The Commodity Futures Trading Commission (CFTC) is reportedly investigating suspicious oil futures trades placed minutes before President Donald Trump’s Truth Social posts about Iran de-escalation talks.
The probe follows weeks of pressure from Democratic lawmakers who flagged unusual activity in crude oil markets tied to the president’s announcements.
Hundreds of Millions Bet Before Trump’s Posts
On March 23, traders placed roughly $500 to $580 million in Brent and WTI crude oil futures contracts between 6:49 and 6:50 a.m.
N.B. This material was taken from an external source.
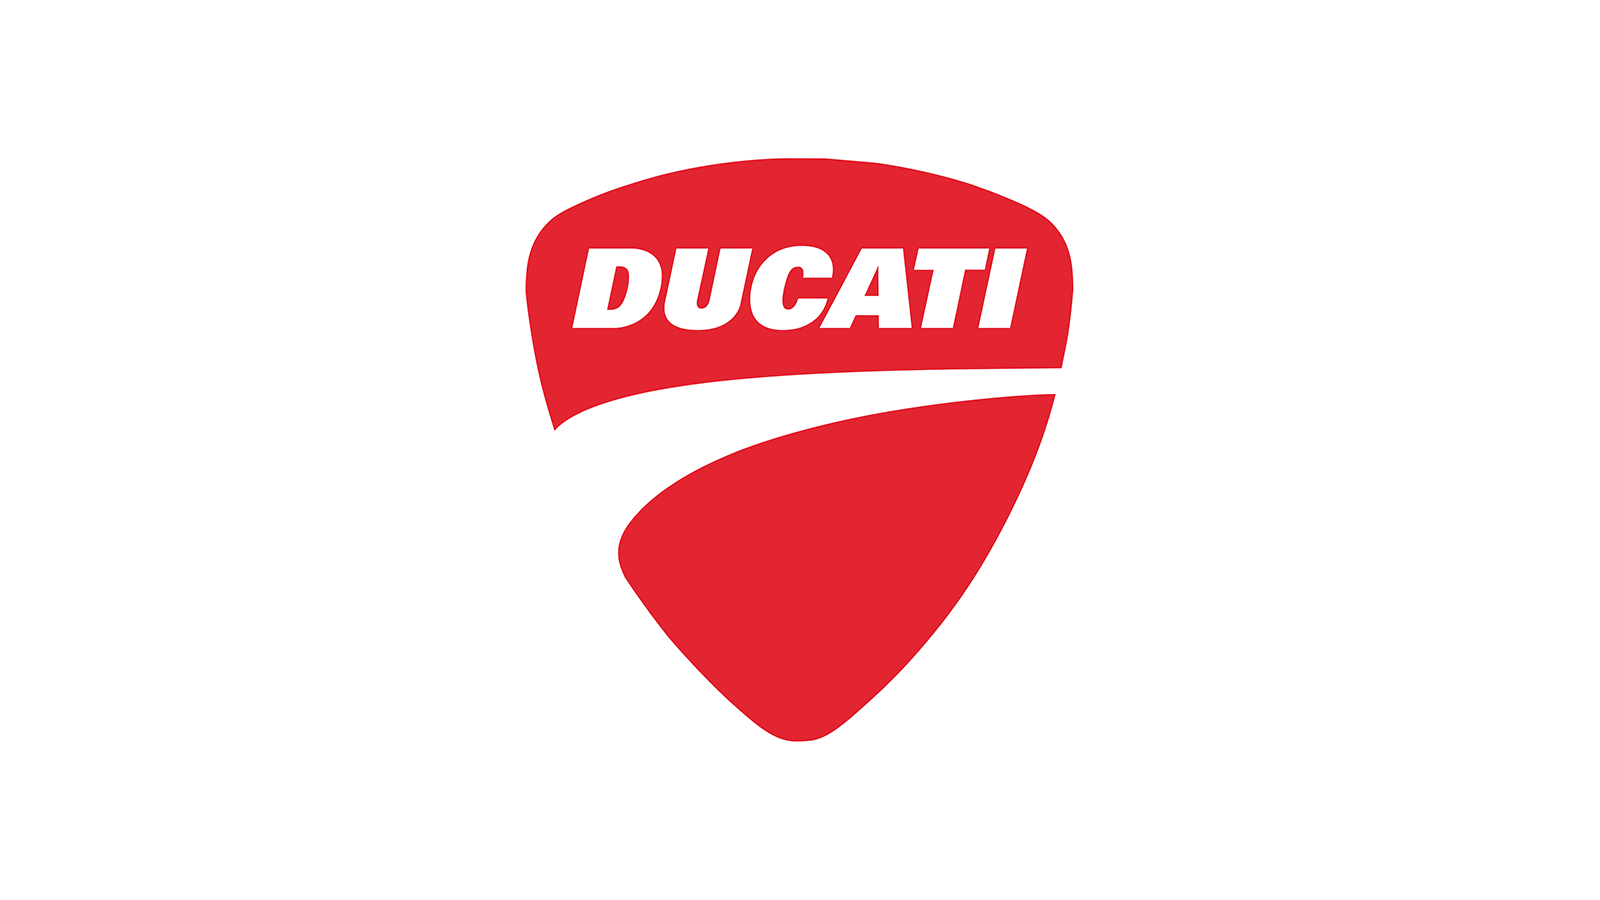 Ducati Font Logo | My dafont free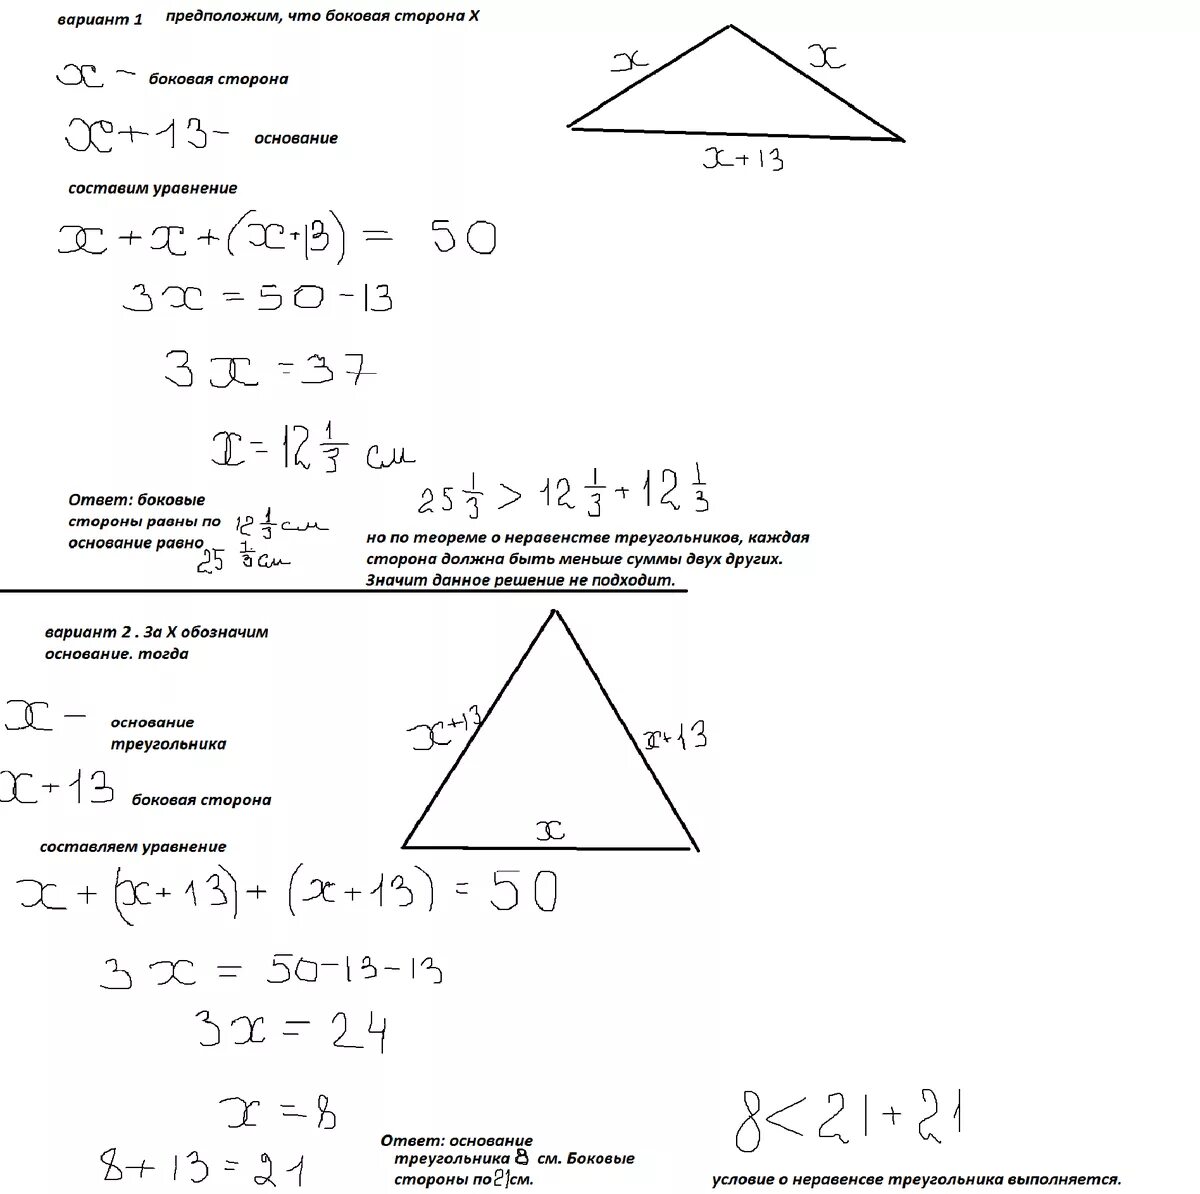 Периметр равнобедренного тупоугольного треугольника равен 108 м. Периметр равнобедренного треугольника. Периметр равнобедренного треугольника равен. Периметр равнобедренного треугольника равен 50. Периметр равнобедренного тупоугольного треугольника.

ET.
That was approximately 15 minutes before Trump posted on Truth Social about productive talks with Iran to de-escalate tensions.
Oil prices dropped sharply afterward, rewarding those who had bet on a decline.
The trading volume at that hour was roughly nine times the average for that time of day, according to CBS News. No public news or catalyst explained the surge when it happened.
“Is this the best timed trade of 2026?,” analysts at the Kobessi Letter posed at the time.
A similar pattern reportedly emerged on April 7, when approximately $950 million in bets on falling oil prices appeared hours before Trump announced a two-week ceasefire with Iran. Oil prices fell about 15% following that post.
Lawmakers Push for Answers
Senators Elizabeth Warren and Sheldon Whitehouse sent a formal letter to CFTC Chairman Michael Selig on April 9. They described a “recurring concern” about possible misuse of material nonpublic government information under the Commodity Exchange Act.
Rep. Ritchie Torres separately demanded that both the Securities and Exchange Commission (SEC) and the CFTC review the trading activity around both announcements.
The White House has denied any involvement. Spokesman Kush Desai called implications of administration insider trading “baseless and irresponsible.”
The CFTC has surveillance tools for futures markets and the authority to subpoena trading records. However, enforcement investigations of this type typically take weeks or months to produce public findings.
No charges or identified traders have surfaced yet.
Oil markets remain volatile amid shifting signals on the US-Iran conflict. Any new announcements from the White House could trigger further scrutiny of pre-announcement trading patterns.